Когда они поднялись наверх и сержант, приказав двум бойцам следовать за собой, вышел из дома, майор прибрал на столе, достал из буфета хлеб, масло, открыл захваченную из подпола банку с маринованными грибами и приготовился встретить гостя.

21. ПЯТЬ ЧАСОВ

Поимка шпиона совсем не означала, что он немедленно сознается в своих преступлениях. Майор и не рассчитывал на это. Наоборот, он готовился к напряженной психологической борьбе. Теперь у него в голове сложился новый план, настолько увлекательный, что стоило попробовать.

Шпион уверенно вошел в комнату и насмешливо уставился на майора.

— Товарищ майор, по вашему приказанию… — начал докладывать сержант.

— Хорошо. Оставьте нас вдвоем. Сержант откозырял, сделал знак конвоирам и вышел вместе с ними.

— Садитесь, Петр Иванович, — любезно предложил майор, указывая на стул.

— Почему вы нас не отправляете?

— Скоро отправлю. Вызвал санитарную машину за ранеными. Ваш друг неважно себя чувствует. Садитесь, поговорим. Время у нас есть.

— А сколько сейчас времени?

— Без четверти пять, — сказал майор, взглянув на свои часы.

Однорукий сердито посмотрел на вещи, в беспорядке разбросанные кругом, и криво усмехнулся.

— Что вам дал обыск? Нашли что-нибудь?

— Я и не рассчитывал что-нибудь найти у такого Практика… Да вы присядьте.

Однорукий неохотно сел на предложенный ему стул.

— Хотите поесть? Я вас рано поднял, — наверно, и позавтракать не успели.

— Зачем вы привели меня сюда?

— Имею несколько вопросов.

— Я не буду отвечать здесь. Везите, куда следует, там и поговорим.

— Это само собой, но мне, знаете ли, очень хотелось познакомиться с вами скорей. Много о вас я слышал. Человек вы умный, сами понимаете, что карта ваша бита, так я рассчитываю на вашу полную откровенность.

— Нет. Отправляйте в тюрьму, а там будет видно.

— Чего вы так в тюрьму торопитесь? Успеете. Шпион посмотрел на него долгим холодным взглядом, видимо рассчитывая минуты.

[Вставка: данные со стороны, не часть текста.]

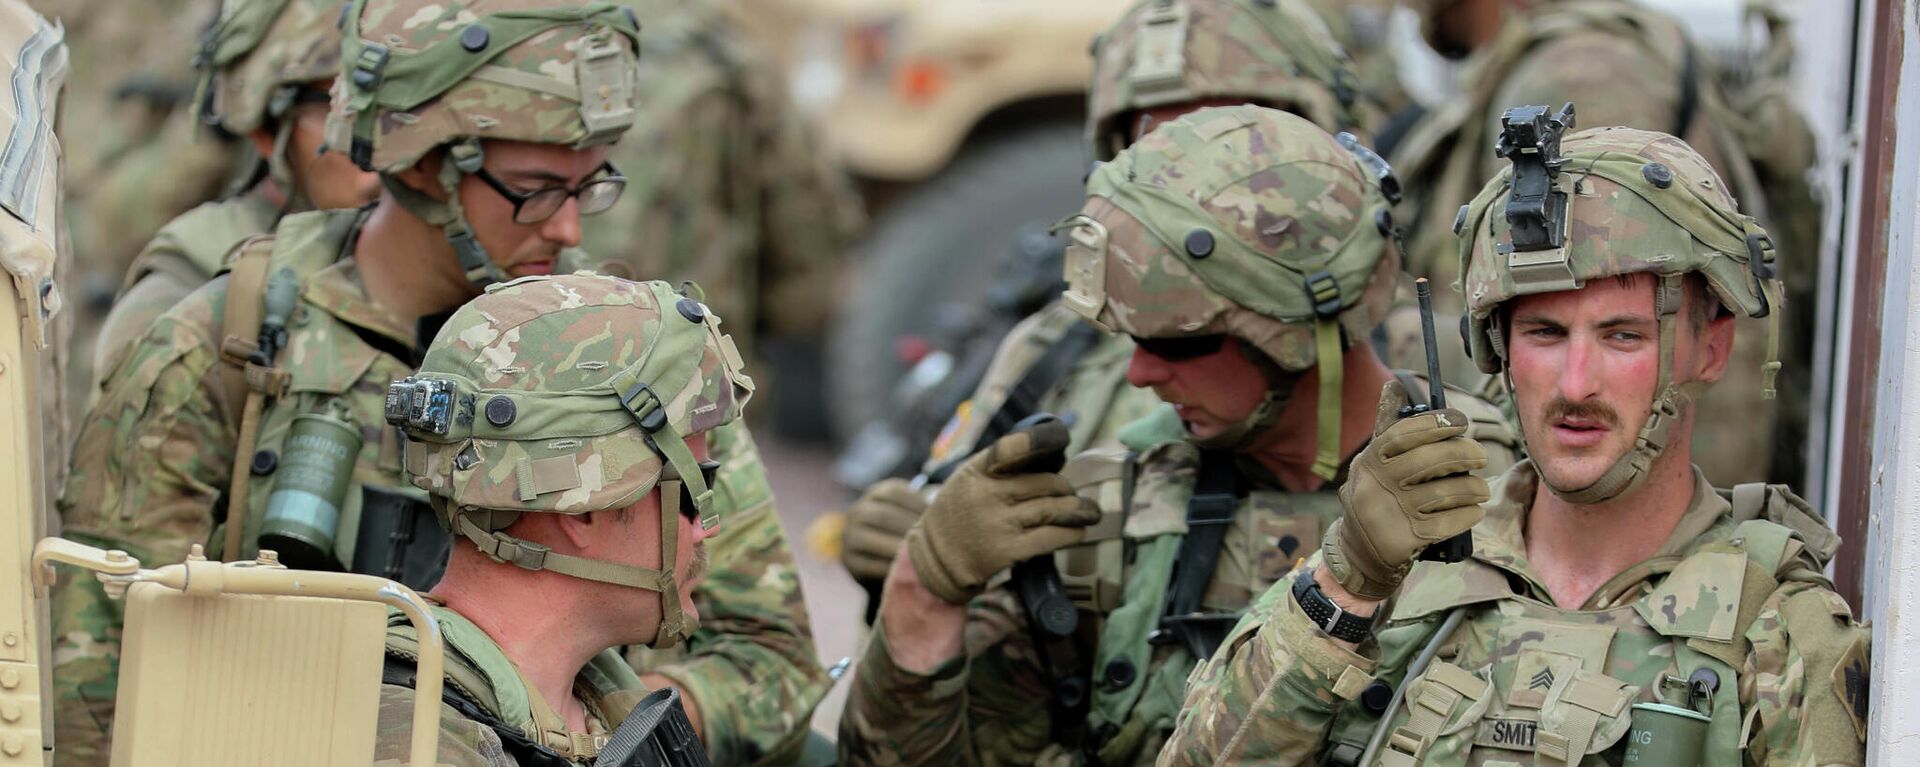 Soldiers with the 45th Infantry Brigade Combat Team, Oklahoma Army National Guard, stand in formation preparing to move towards a safehouse during a training exercise at the National Training Center in Fort Irwin, California, July 21, 2021. Members of the 45th IBCT are participating in the Battle of Razish located in a mock-town that simulates a war-like experience and includes a fight from the on post opposing force with the intent of increasing readiness among Soldiers.  - Sputnik International, 1920, 03.12.2021

«Что, если он скажет об адской машине?» — мелькнуло в голове майора.

— А у вас, я вижу, кошки на сердце скребут, — злорадно сказал он и усмехнулся.

— Почему кошки?

— Трусите. И пальцы дрожат… Да, спета ваша песенка, Петр Иванович.

Эти слова и тон, каким они были сказаны, больно хлестнули по самолюбию шпиона. Он откинулся на спинку стула и высокомерно взглянул на майора.

— Вы хотите от меня откровенности? Пожалуйста. Скажу откровенно, что вы глупы, как пробка. Майор расхохотался.

— Неужели я таким выгляжу? Раньше мне говорили другое… Но все-таки как же это случилось, что я вас поймал? Вы умны, а я глуп, и вдруг…

— Что ж, повезло вам.

— Ах, вот в чем дело!

— Да, но только ненадолго.

— Неужели рассчитываете убежать?

— Эх… убежать! — сказал шпион. Он сжал руку в кулак так, что захрустели суставы, и этим немного успокоил себя.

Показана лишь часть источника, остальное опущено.